Assistant Professor of Anthropology at Duke Kunshan University

I am a cultural anthropologist based at Duke Kunshan University. My primary research interests include economic anthropology, urban anthropology, political economy, the social studies of the market, science and technology studies, housing, urban studies, and China. From 2012 to 2019, I conducted long-term ethnographic fieldwork tracing the development of a low-end housing market at the urban fringe of east Nanjing, southeast China (long-term stay from 2013 to 2015, short field trips conducted in 2012 and 2019). In the field, I followed government officials, developers, realtors, and homebuyers and sellers to study how diverse actors built the local housing market from the bottom up. I am particularly interested in how certain economic concepts help to bring actors together and allow for capital accumulation in the urban process. 

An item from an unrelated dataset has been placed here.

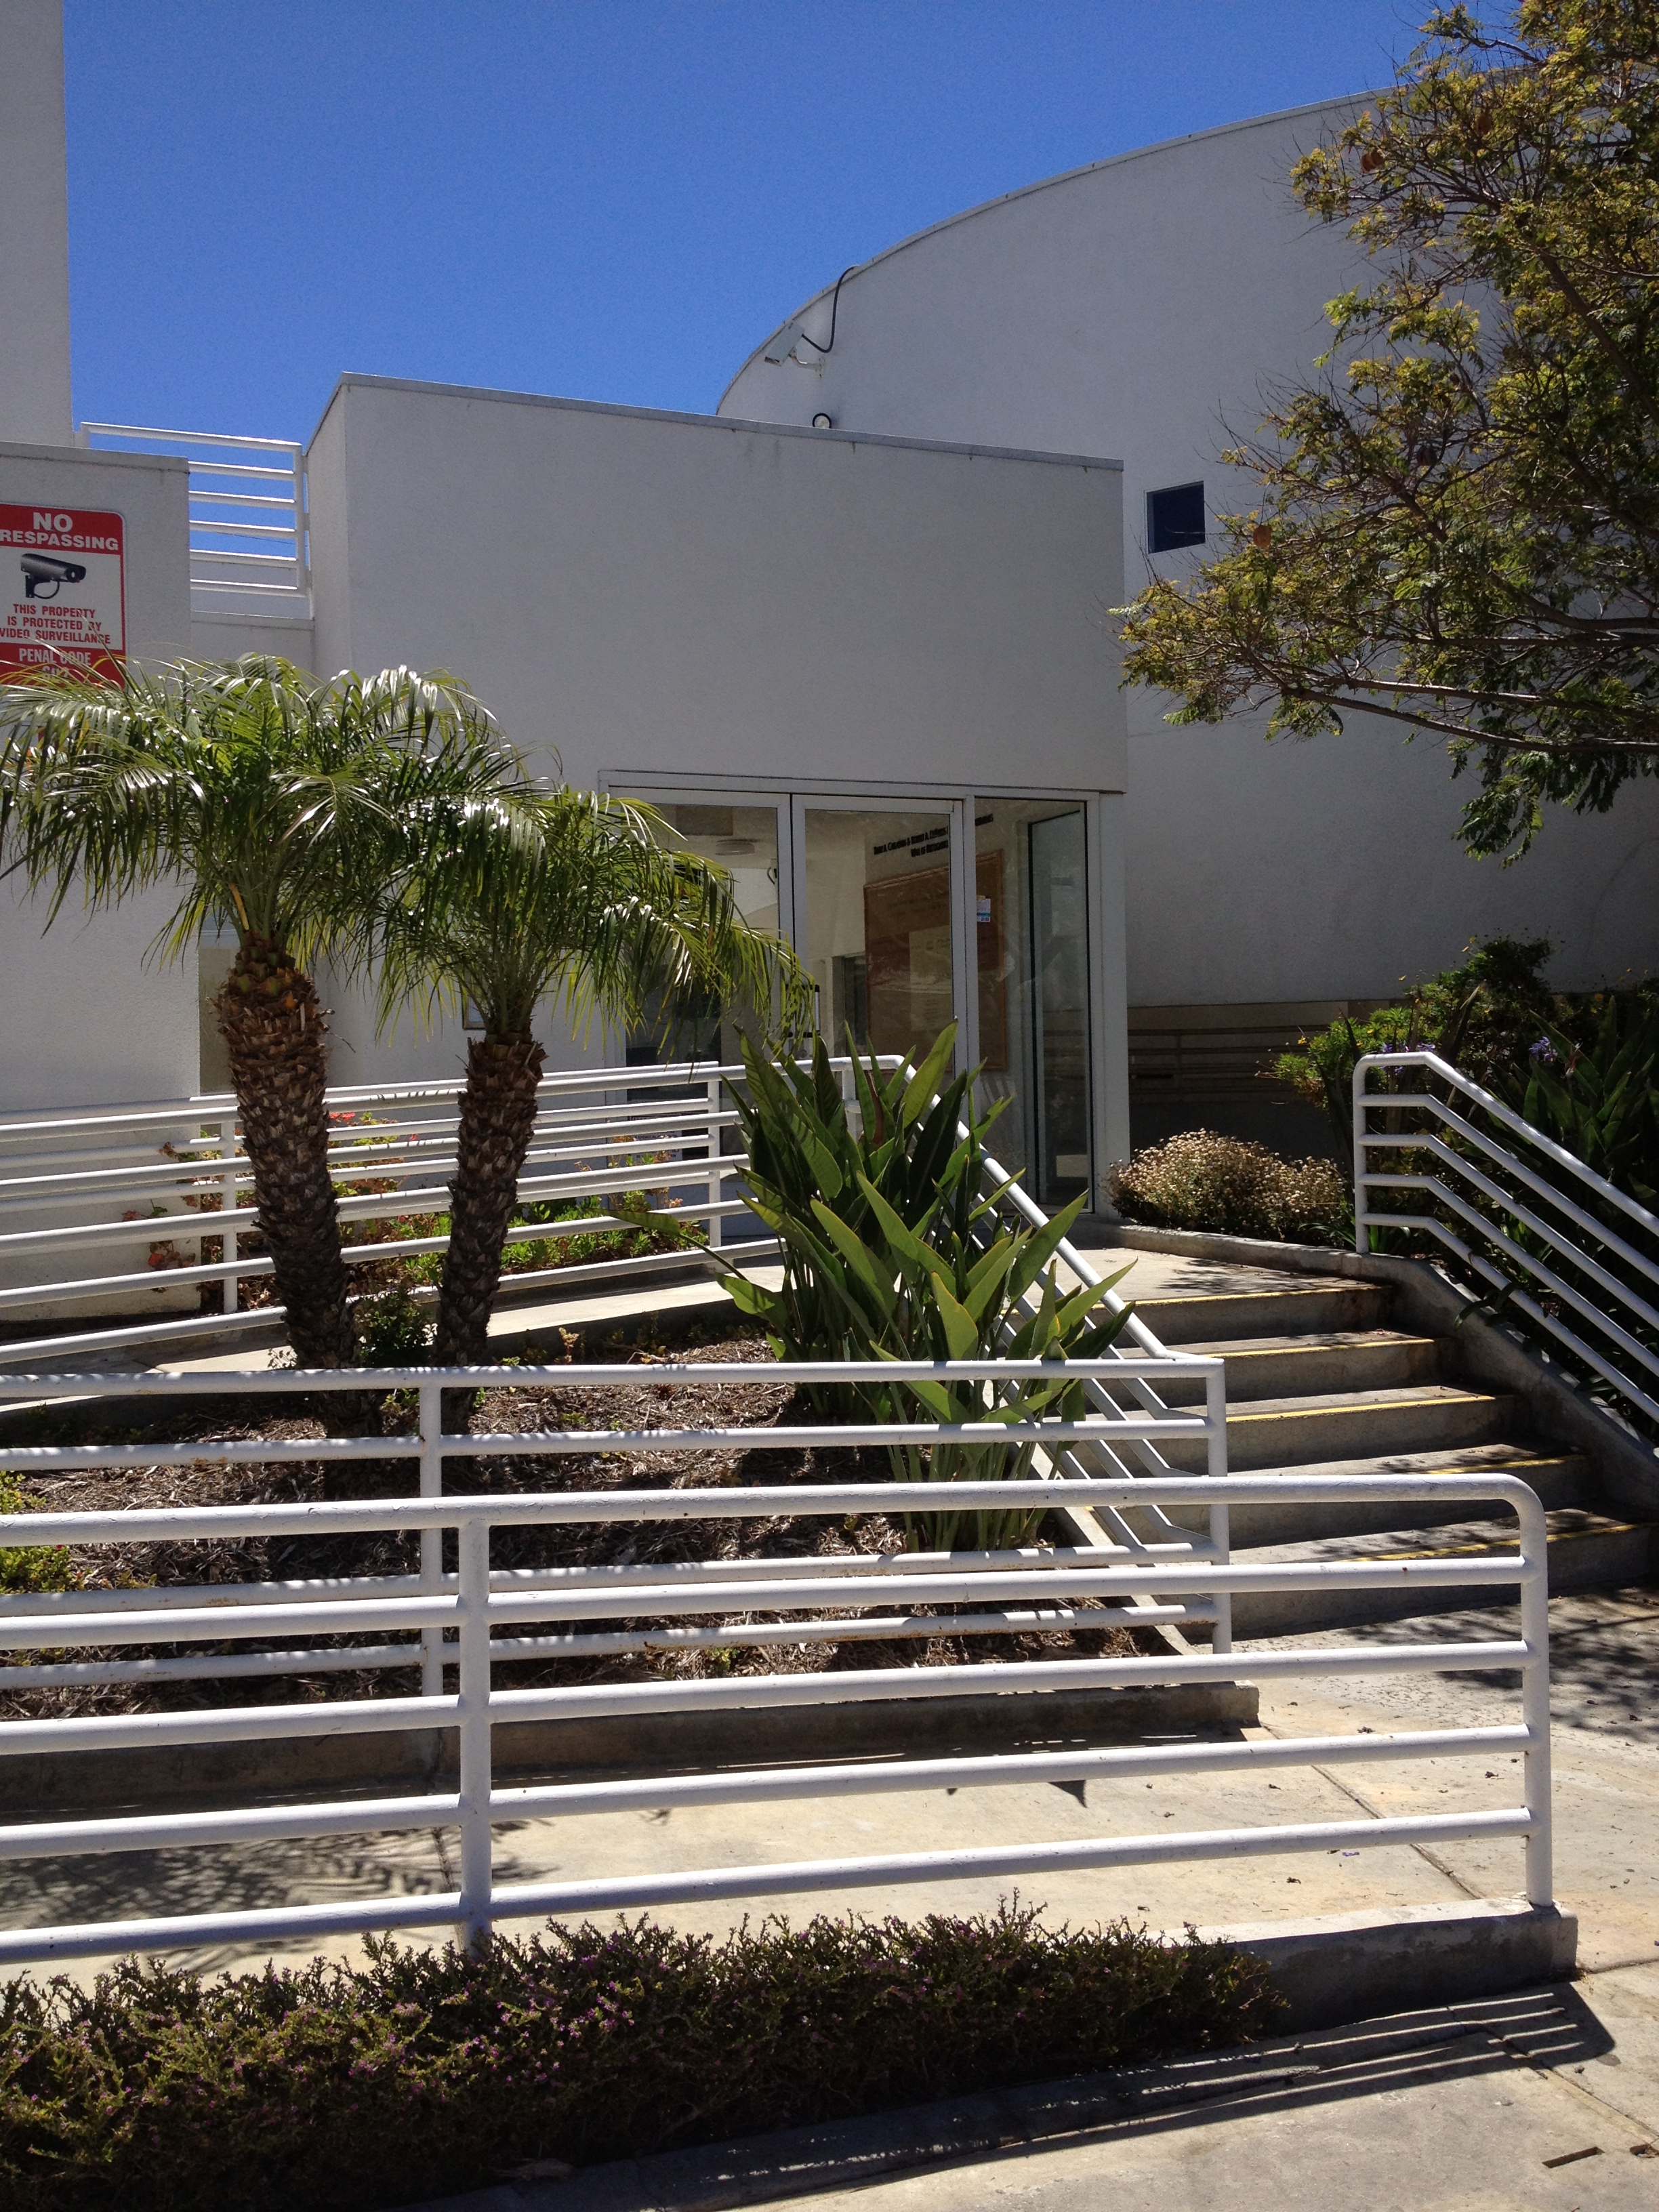 View of ramp toward the building entrance, concrete steps, white handrails around both ramp and steps, little palm trees and other plants in the middle, no trespassing sign on the wall on the left side, glass doors entrance.

The project produced several articles published on peer-reviewed journals such as Positions: Asia Critique, the Journal of Cultural Economy, and Urban Studies. In these articles, I explored the valuation of rural estate in land assembly and resettlement projects, the temporal orchestration of home presales, and the dominant narratives that brought diverse actors together to bring the market into existence at Nanjing's urban periphery. 

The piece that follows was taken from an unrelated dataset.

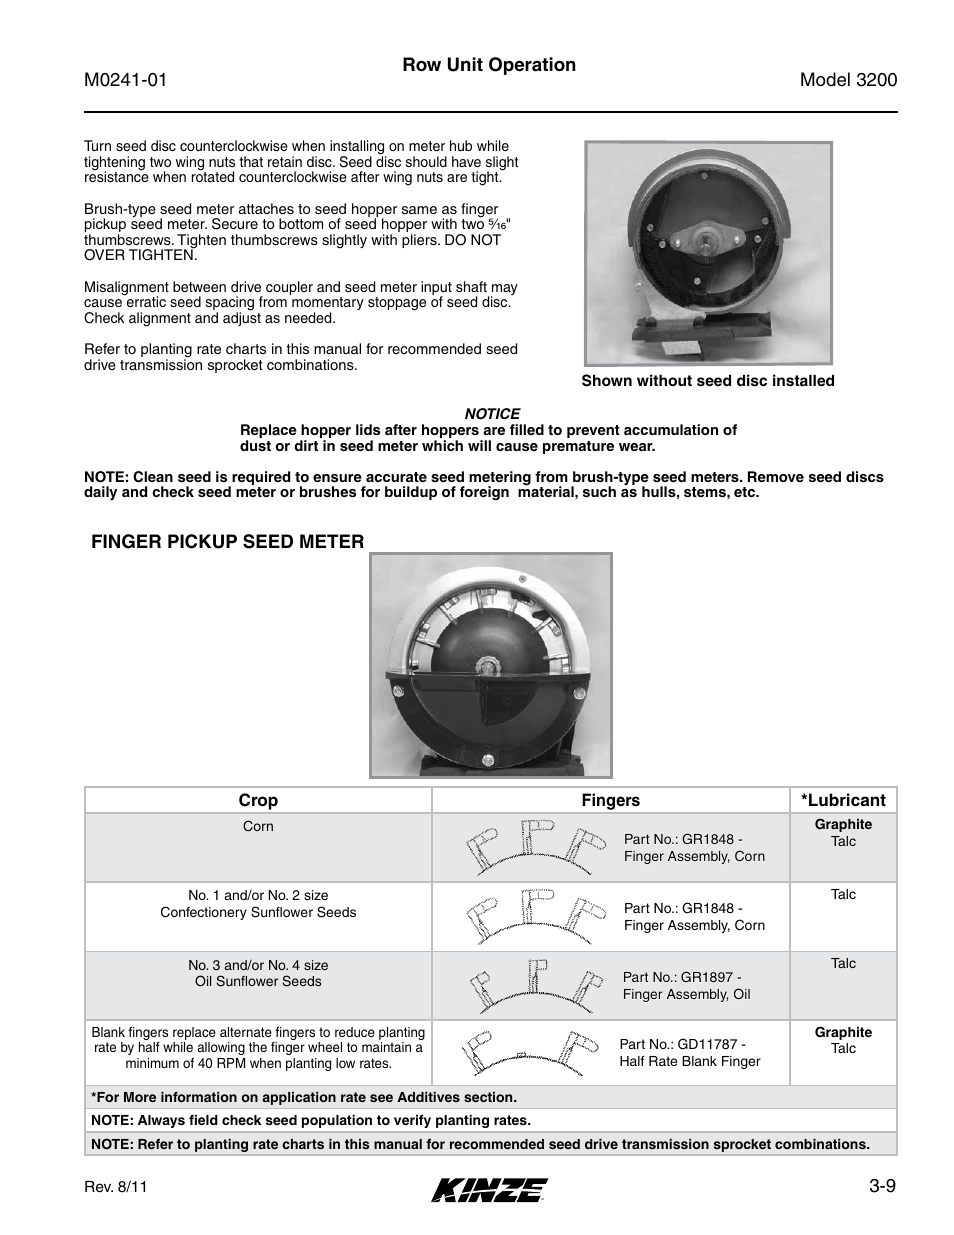 Finger pickup seed meter, Finger pickup seed meter -9, 9 row unit operation | Kinze 3200 Wing-Fold Planter Rev. 7/14 User Manual | Page 47 / 192

My book, entitled Anxious Homes: Inflexible Demand and China's Housing Market (forthcoming, Cornell University Press, 2026), analyses China's real estate economy through the lens of 刚需/gangxu, a vernacular concept that the government, developers, realtors, and lower-middle class homebuyers in China draw on to refer to—and construct—an inflexible demand for homeownership as an indispensable criterion for fulfilling dreams of urban citizenship. Through an ethnography of a low-end housing market in east Nanjing’s urban fringe, Anxious Homes shows how such claims of homeownership as an inflexible demand have helped to bring the current market for housing, and China’s ongoing real estate crisis, into existence. It explains how China’s real estate market, constructed under state ownership of land and dominated by the growth coalition between the urban government and the developer, leverages enormous resources from the population in unsustainable ways. The book also explores how resultant ideologies of homeownership allow various actors to make sense of urban growth under conditions of market socialism. It argues that, in urban China, diverse actors’ assertions of the value of the home have given rise to new forms of capitalist exploitation, citizenship entitlements, class aspirations, and gendered politics that have culminated in the formation of China’s debt-financed, infrastructure-driven growth model, whose ascendancy and collapse are felt throughout the world.

In September 2021, China’s top developer, Evergrande, made headlines worldwide for facing over $300 billion worth of financial liability. News of Evergrande’s debt problems marked the beginning of the country’s ongoing real estate crisis. As more defaults continued to emerge since then, China’s national economy slowed down, fueling discontent towards the Communist Party, and sending ripple effect throughout the world financial system. My most recent ethnographic research looks into developers' defaults. I am particularly interested in how developers' defaults halted constructions of homes that had already been sold to lower-middle class buyers, and how ruination serves as a means of accumulation in times of debt crisis. Preliminary findings from this research is scheduled to be presented at the 2023 Annual Conference of American Anthropologists in Toronto.